He became a part of a community of men inside the prison who are part of a group called Project Hope to Abolish the Death Penalty. It’s an inside group working against the death penalty. So he deepened a lot in his self-knowledge, I think. He understood more about himself.
You know, you age and die on death row if they don’t electrocute you or murder you in some other way. One of the men there had a stroke and was incontinent and had to be taken care of, and, of course, there’s no nursing service or anything. So Leroy was one of the major caregivers for this man. Yeah, Leroy was never an angel, but he became a very compassionate person.
Spirit: Still, it must have been hard for you, both as a feminist and as someone committed to nonviolence, to comprehend his murder of an unarmed woman. How were you able to continue visiting and supporting him?

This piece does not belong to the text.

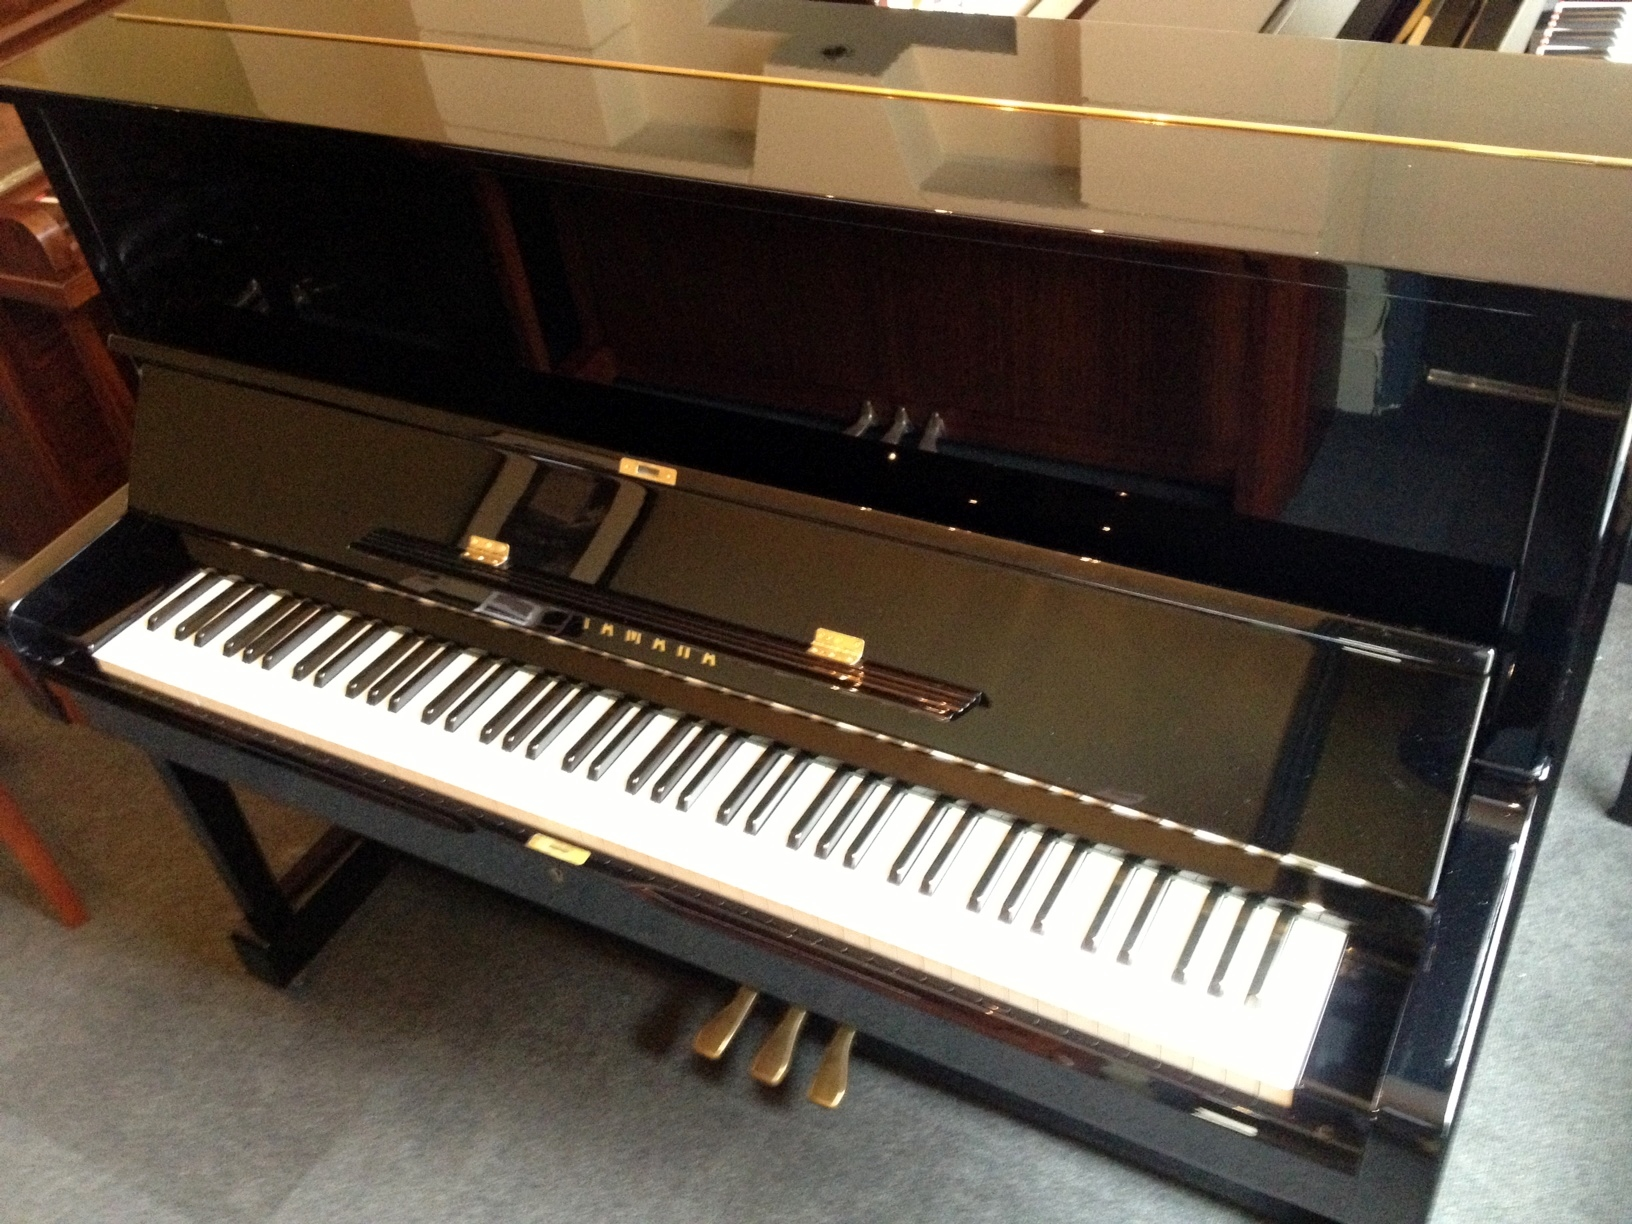 A Yamaha U1 piano in our showroom

Douglass: I knew him as a person before he told us why he was on death row, and it was like facing the humanity of the enemy, because in my theoretical construct, the person who shoots his wife would be the enemy. But I already knew him as a person, so I had to put together this Leroy person that I knew face to face, with the enemy who had come with a shotgun and killed his wife.
So it was a challenge for my nonviolence. At that point, we had a relationship and I wasn’t going to end the relationship because of something he had done 10 or 15 years before, but it was an uncomfortable kind of thing. You just have to live through it. Obviously, I never condoned what he did. Eventually, he got to the point where he would talk with us about his remorse.

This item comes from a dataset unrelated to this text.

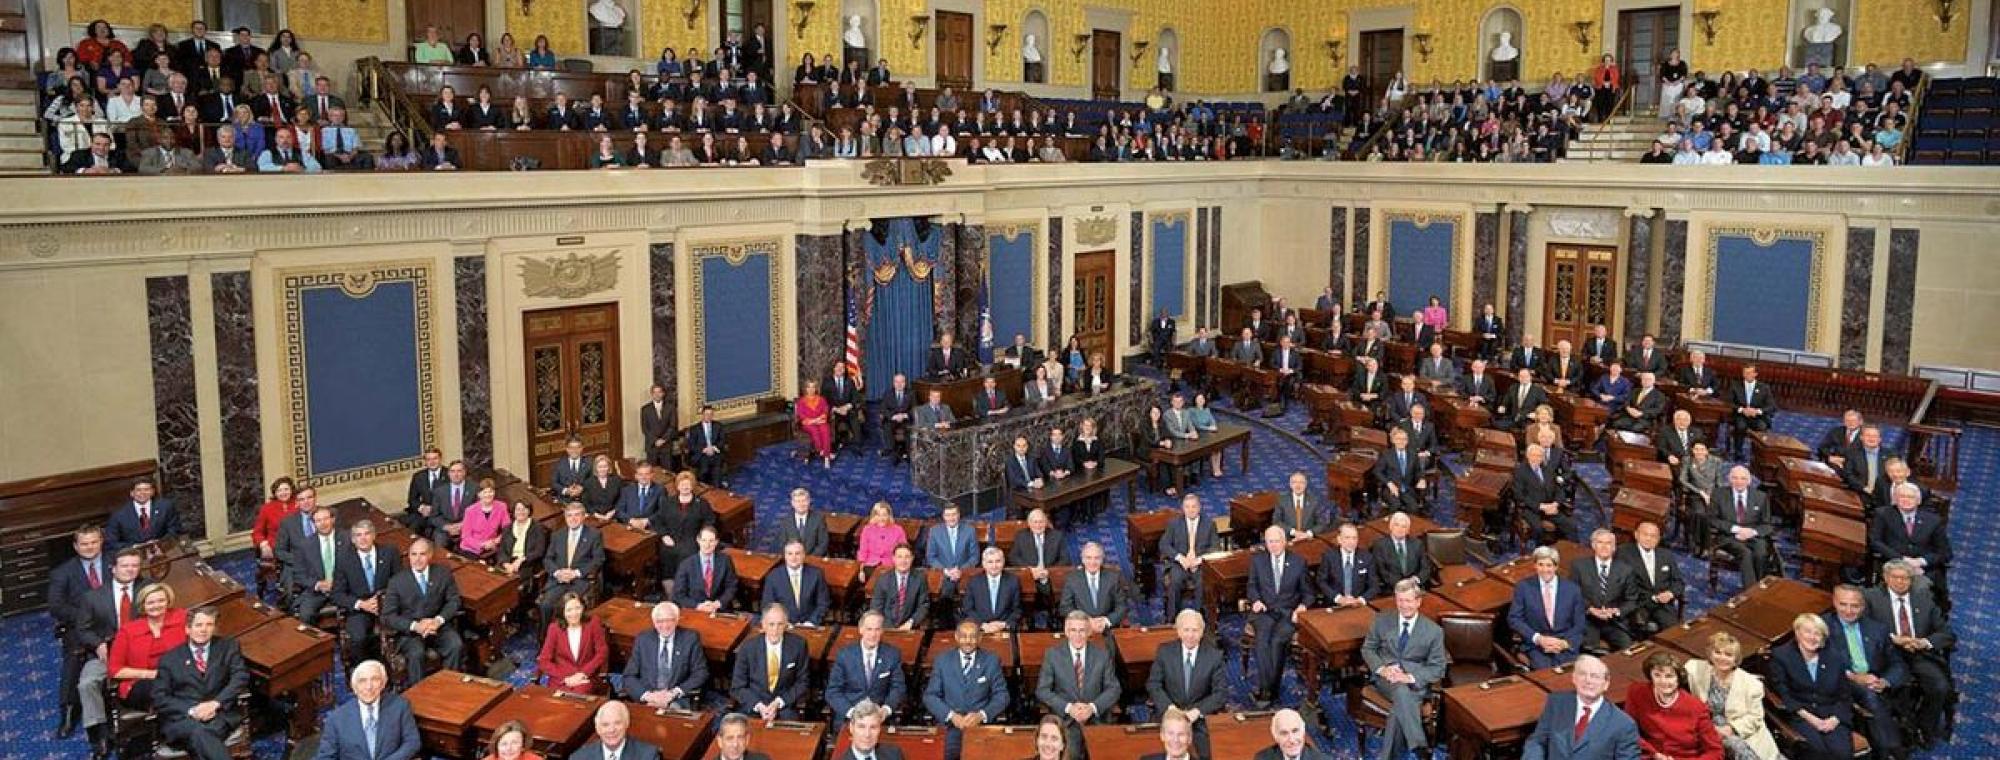 """111th US Senate class photo"" by U.S. Senate, 111th Congress, Senate Photo Studio - http://media-3.web.britannica.com/eb-media//97/149697-050-05A96268.jpg. Licensed under Public Domain via Commons - https://commons.wikimedia.org/wiki/File:111th_US_Senate_class_photo.jpg#/media/File:111th_US_Senate_class_photo.jpg"

He changed over the time that we visited him. I’m not saying this is because we visited him, but over time, he became a much more serious person and faced up to what he had done. He talked about how he was sorry that he had done that, and he certainly understood that this was a wrong thing to have done and that it hurt his family in a lot of ways and that he was responsible. That gave me more peace about being in support of him and visiting him.

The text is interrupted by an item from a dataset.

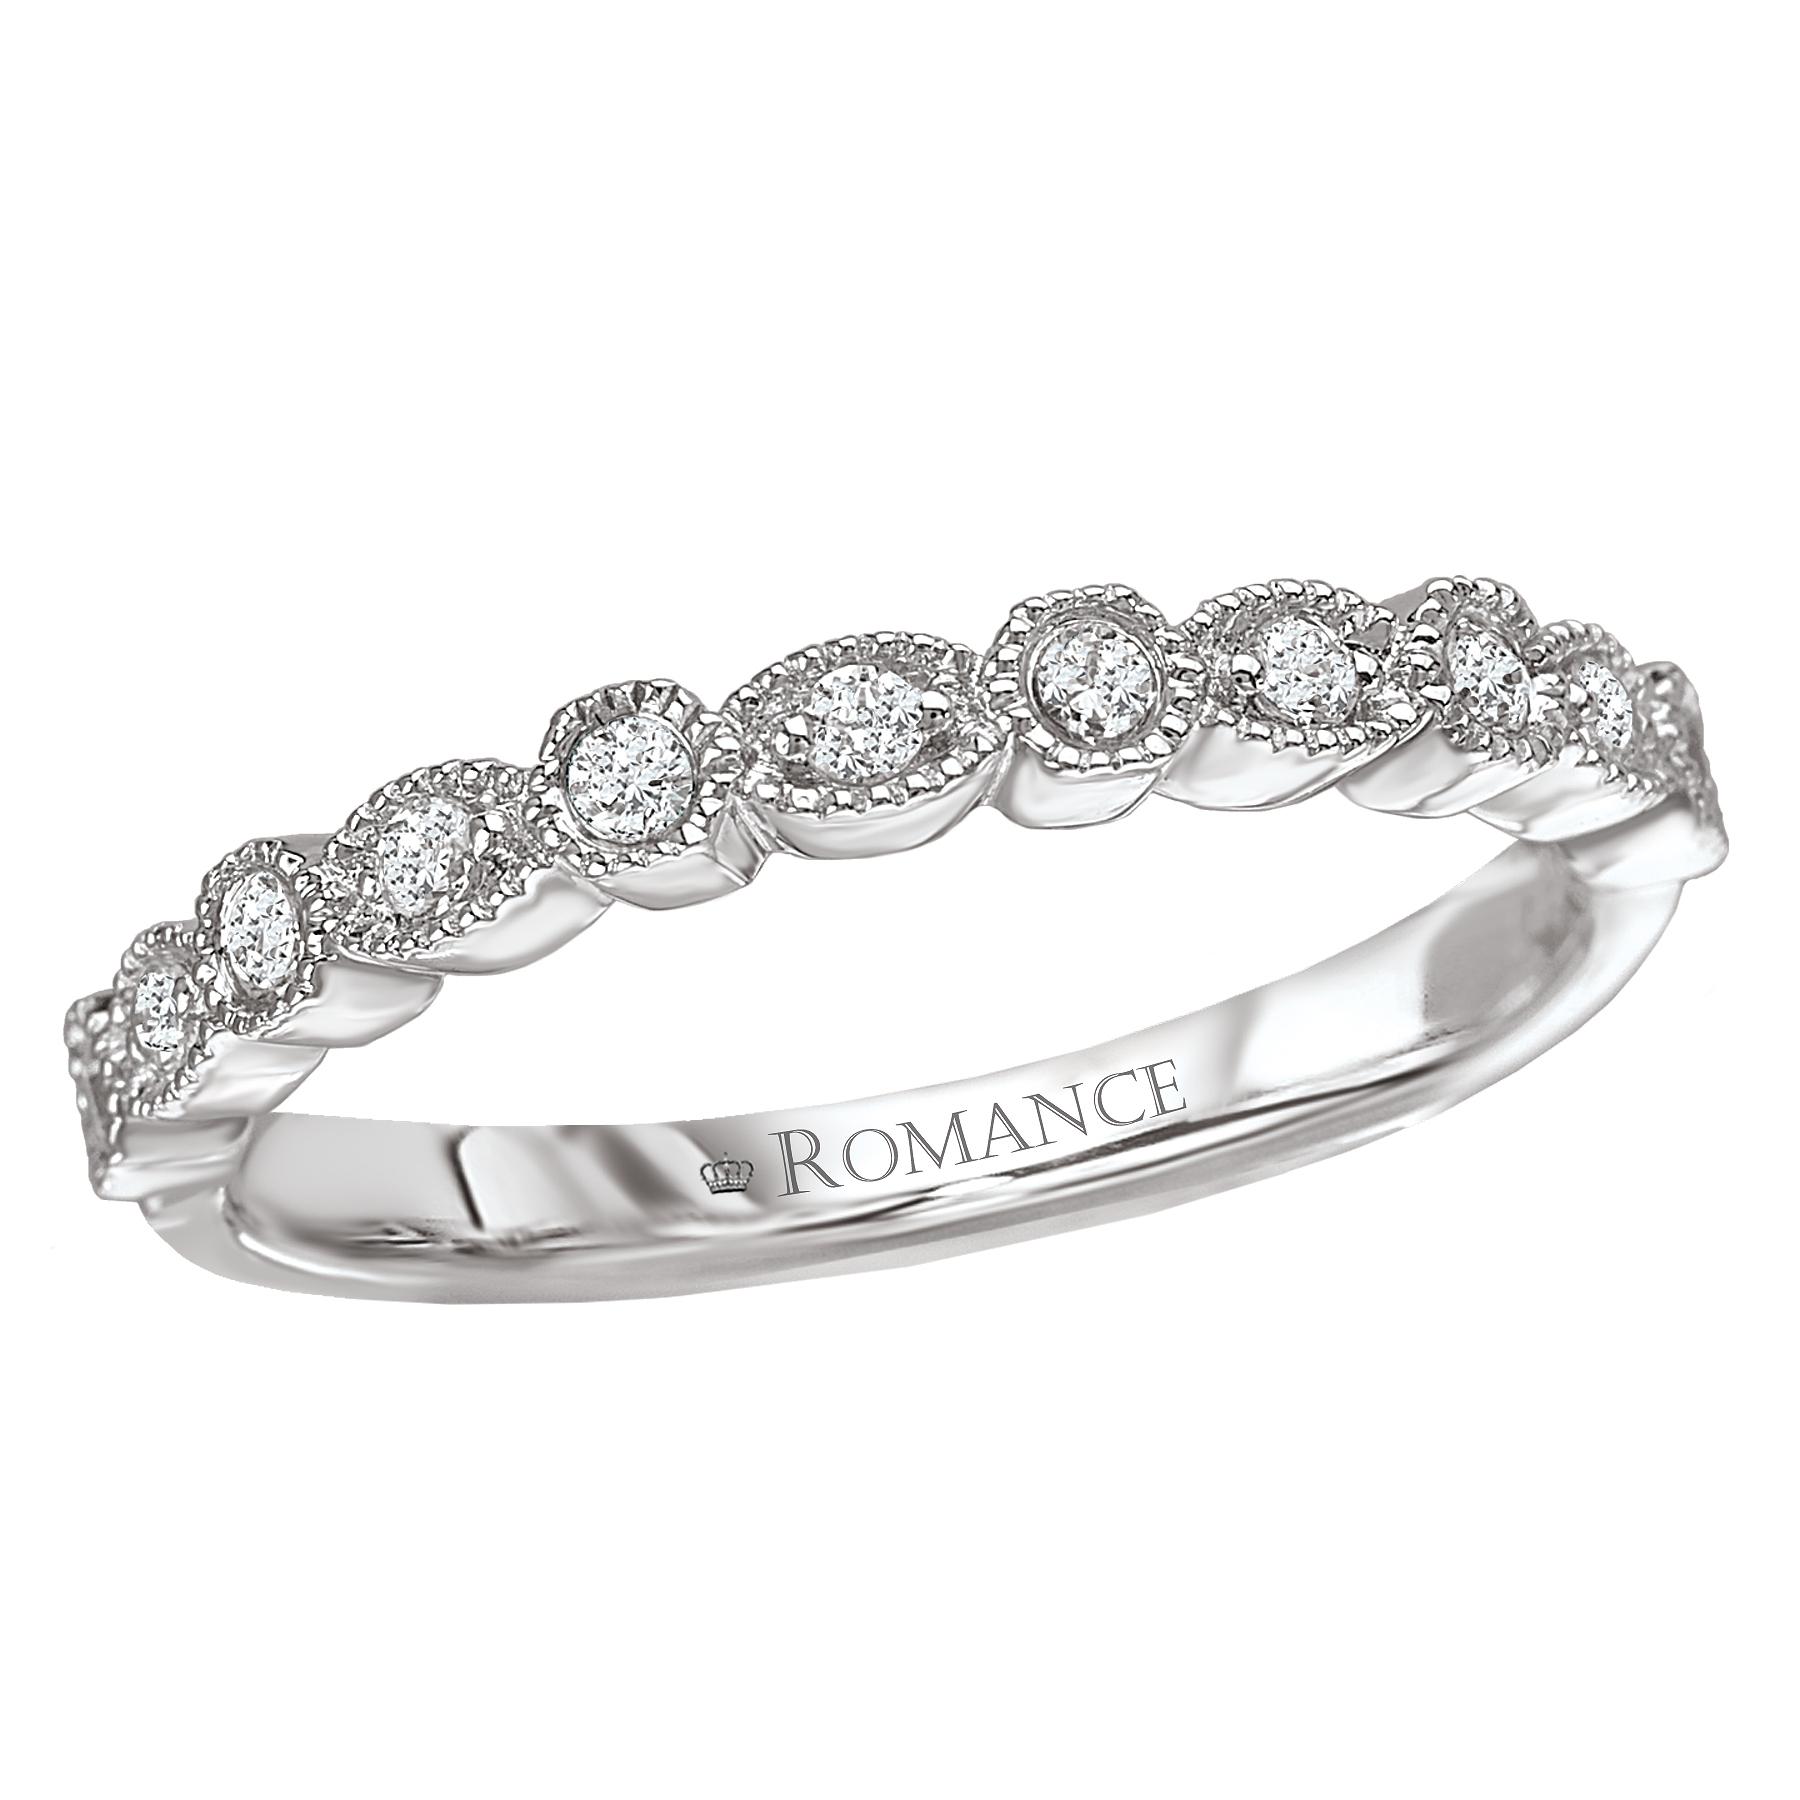 Romance Wedding Bands 117225-W product image

Surprising Requests for Mercy
Spirit: Many people that you might expect to be completely hostile to Leroy actually asked for clemency for him — even some of the family members on his wife’s side.
Douglass: Yeah, all of the family, as a matter of fact, and the woman that he shot. We began visiting Leroy when only one of his sisters would visit him. He’s one of nine kids, and he was one of the younger ones. He was on death row for over 20 years, so over time the hostility and recriminations began to break down.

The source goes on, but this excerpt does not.